Self-insured plans can use stop-loss insurance, or insurance for health plans, to protect themselves against jumbo claims.

A few years ago, many large employers hoped to save on stop-loss charges by handling the jumbo claims themselves. Stop-loss issuers that had been hoping the ACA ban on annual benefits limits would lead to a flood of new business were disappointed.

Today, however, "the employers without stop-loss are putting it in," Lombaer said.

Marathon runner market

Other large-group benefits market sectors also seem to be rewarding the brokers and consultants who can handle slow, steady budget-trimming marathons over those who need the excitement of new-cases-setup sprints.

In the area of group disability insurance and group life insurance, for example, some benefits brokers and insurers have hoped that falling unemployment levels and rising wages might translate into a swing back toward traditional employer-paid group plans.
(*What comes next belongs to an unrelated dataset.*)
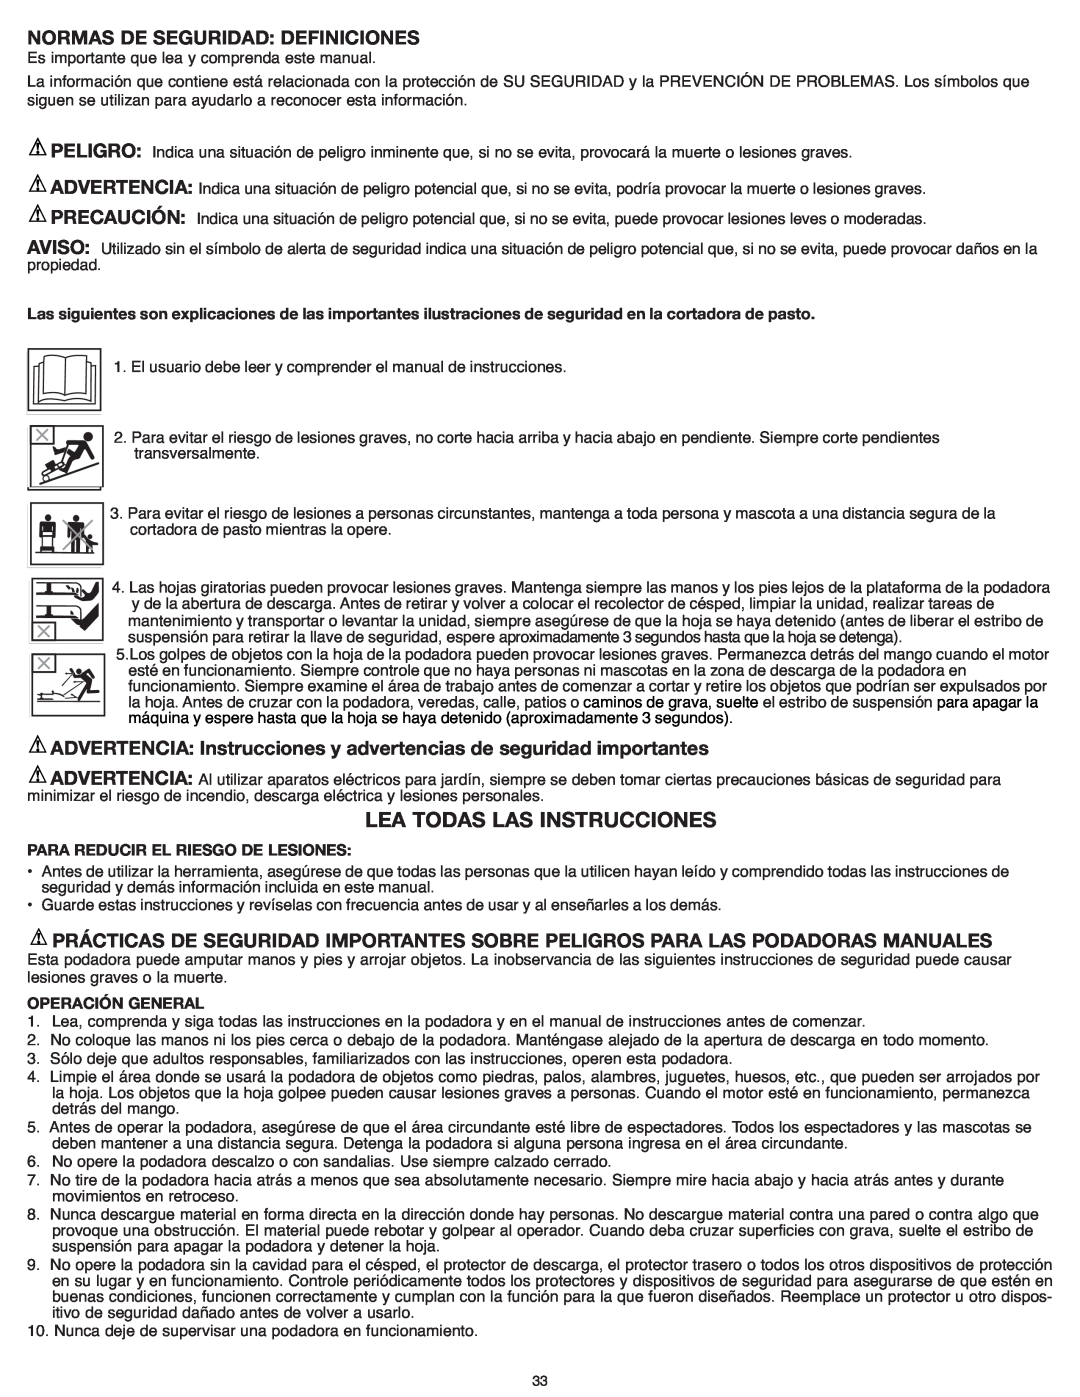 Black & Decker CM1836R Lea Todas Las Instrucciones, ADVERTENCIA Instrucciones y advertencias de seguridad importantes 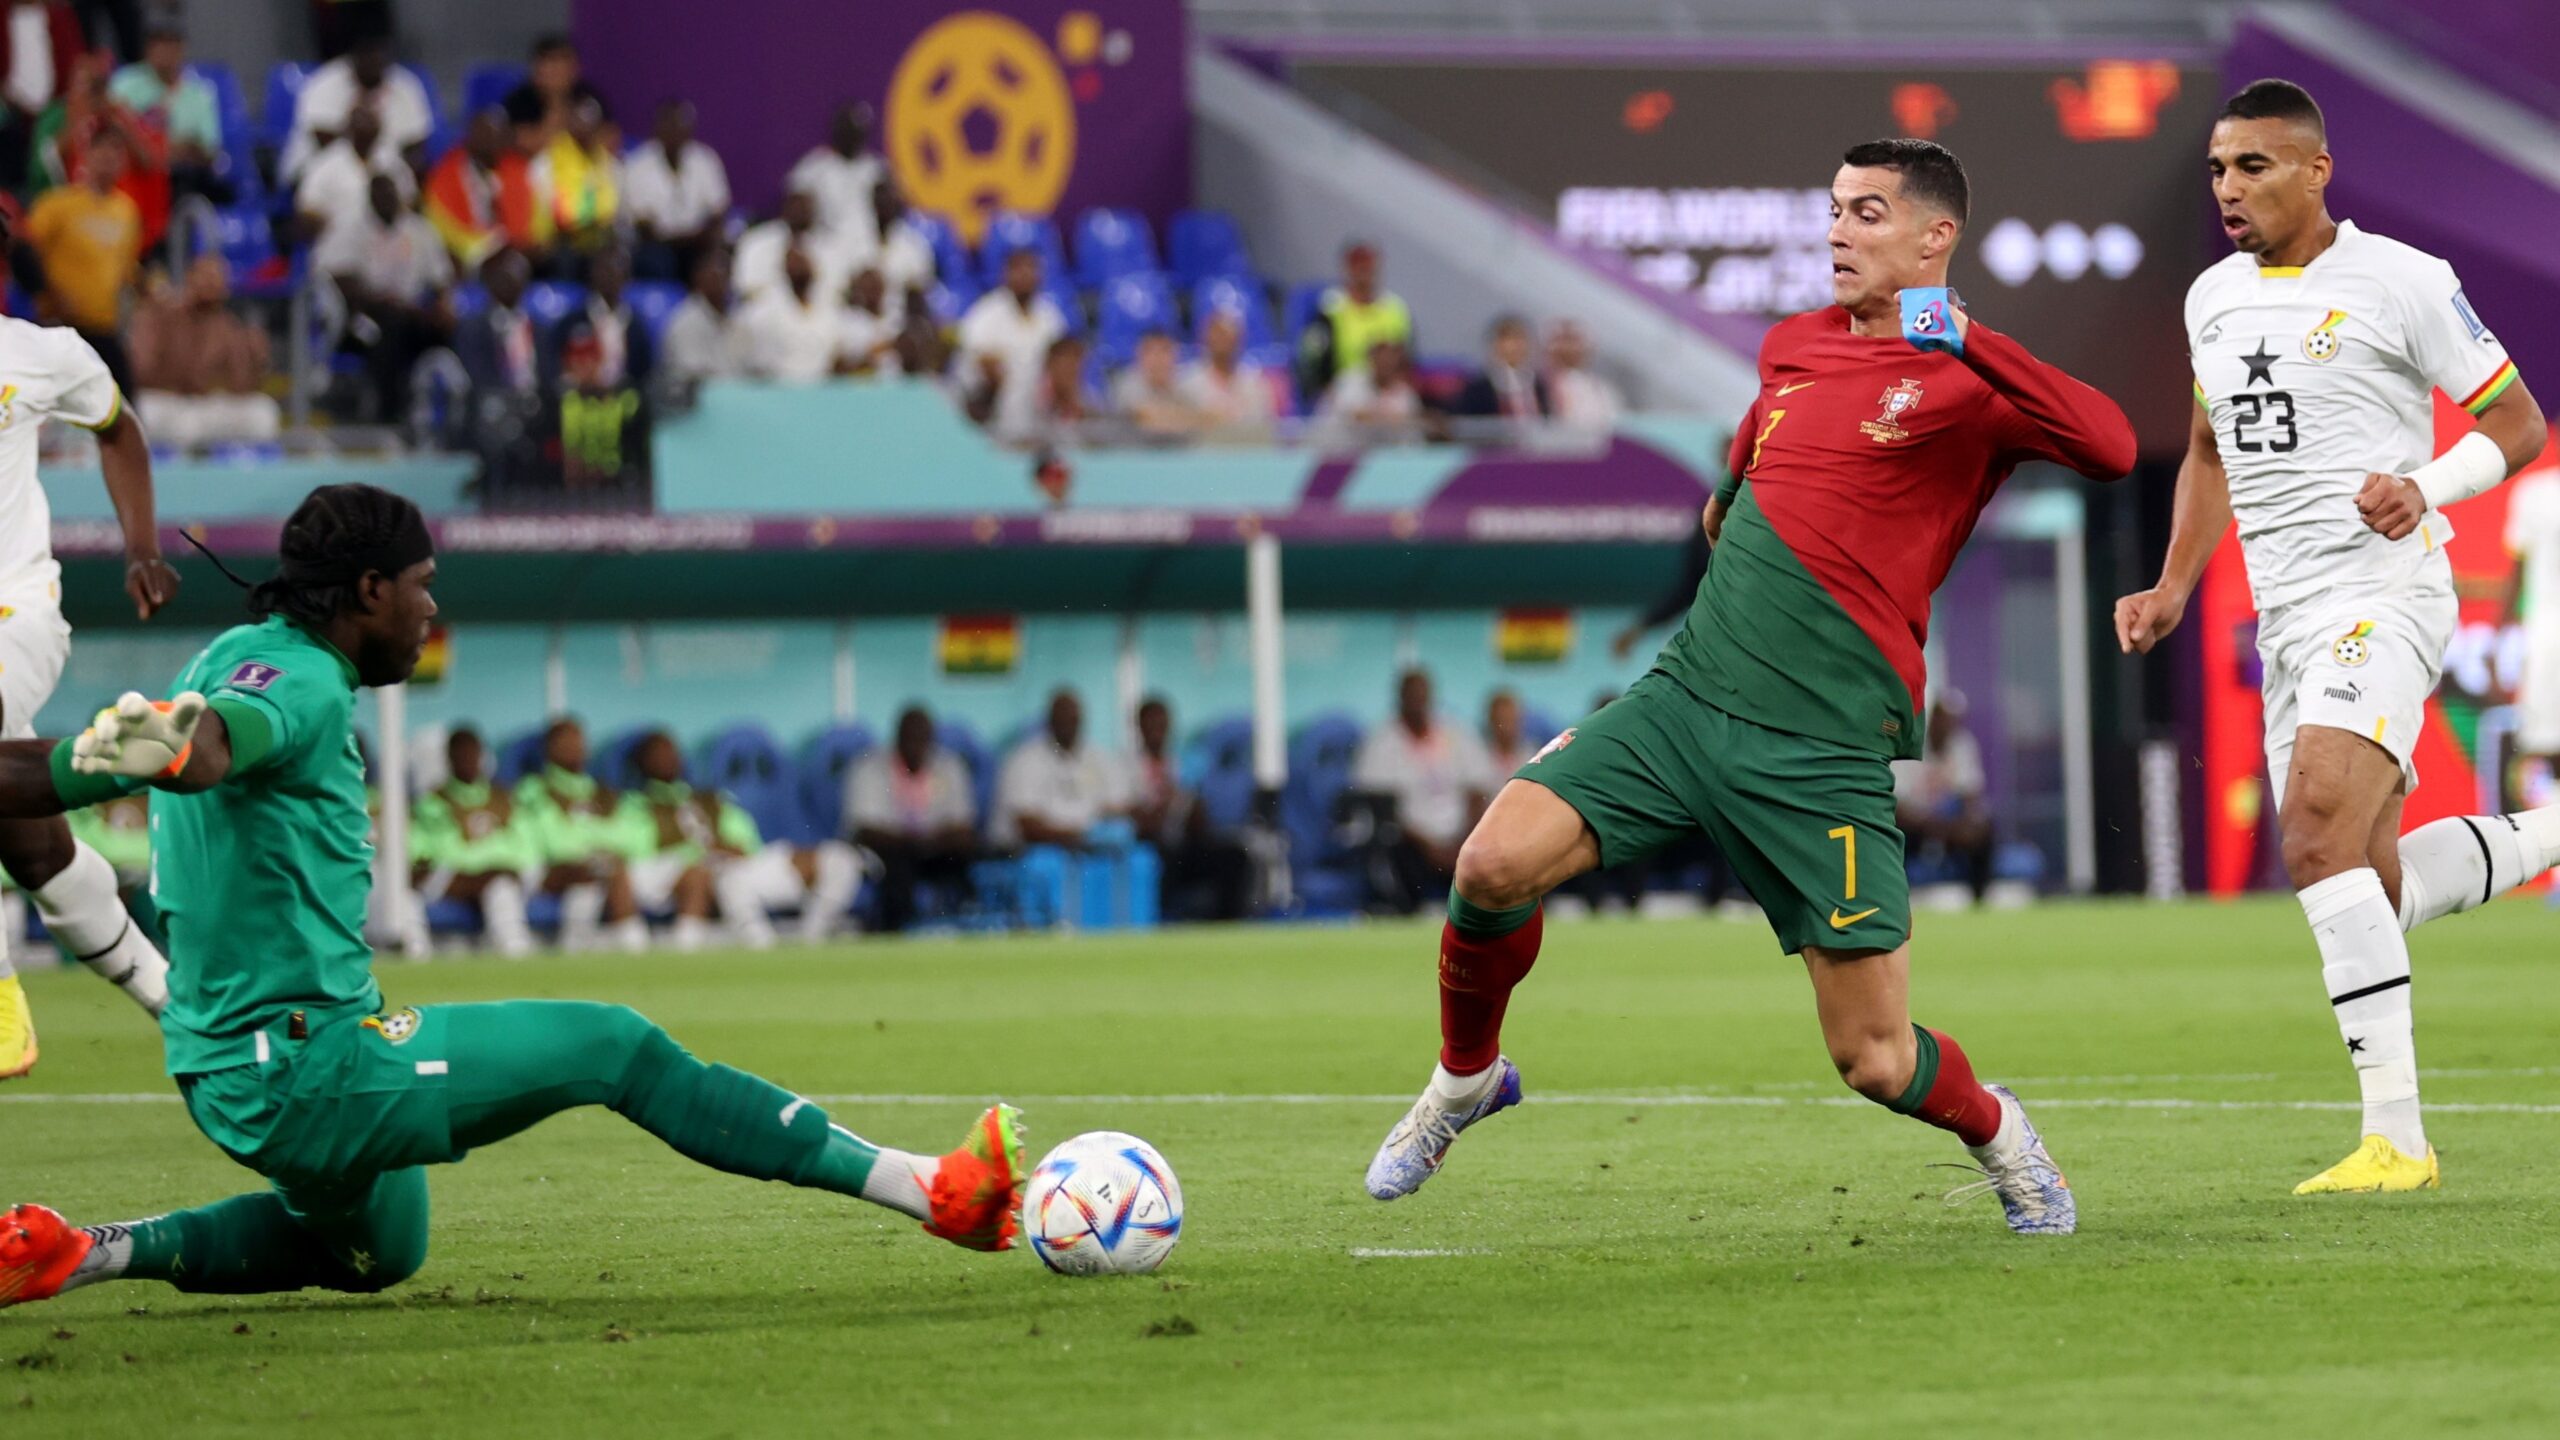 Gana diminui, mas Portugal vence no jogo de estreia da Copa por 3 x 2

Lombaer has not noticed any significant increase in sales of employer-paid group plans. Clients with group plans may be more likely to stick with the existing group plans, but employers that want to add benefits, or increase the amount of coverage available through existing benefits programs, are looking at voluntary and worksite options, she said.

In the voluntary and worksite markets, identity theft plans and student loan assistance programs are selling well.

Pet insurance cooled off for a few years, but now employees want to hear about it.

"Their pets are part of their family," she said.

In the supplemental health area, critical illness insurance and hospital indemnity insurance are popular.

A few years ago, Lombaer said, one concern about supplemental health products was the low ratio of claims paid to premium revenue.

Today, thanks to efforts to move the supplemental health products to a group chassis, "it's a better situation than it was five or 10 years ago," she said.

For her, one good sign is the lack of time she is spending on supplemental health claim problems. "There's not a lot of noise," Lombaer said.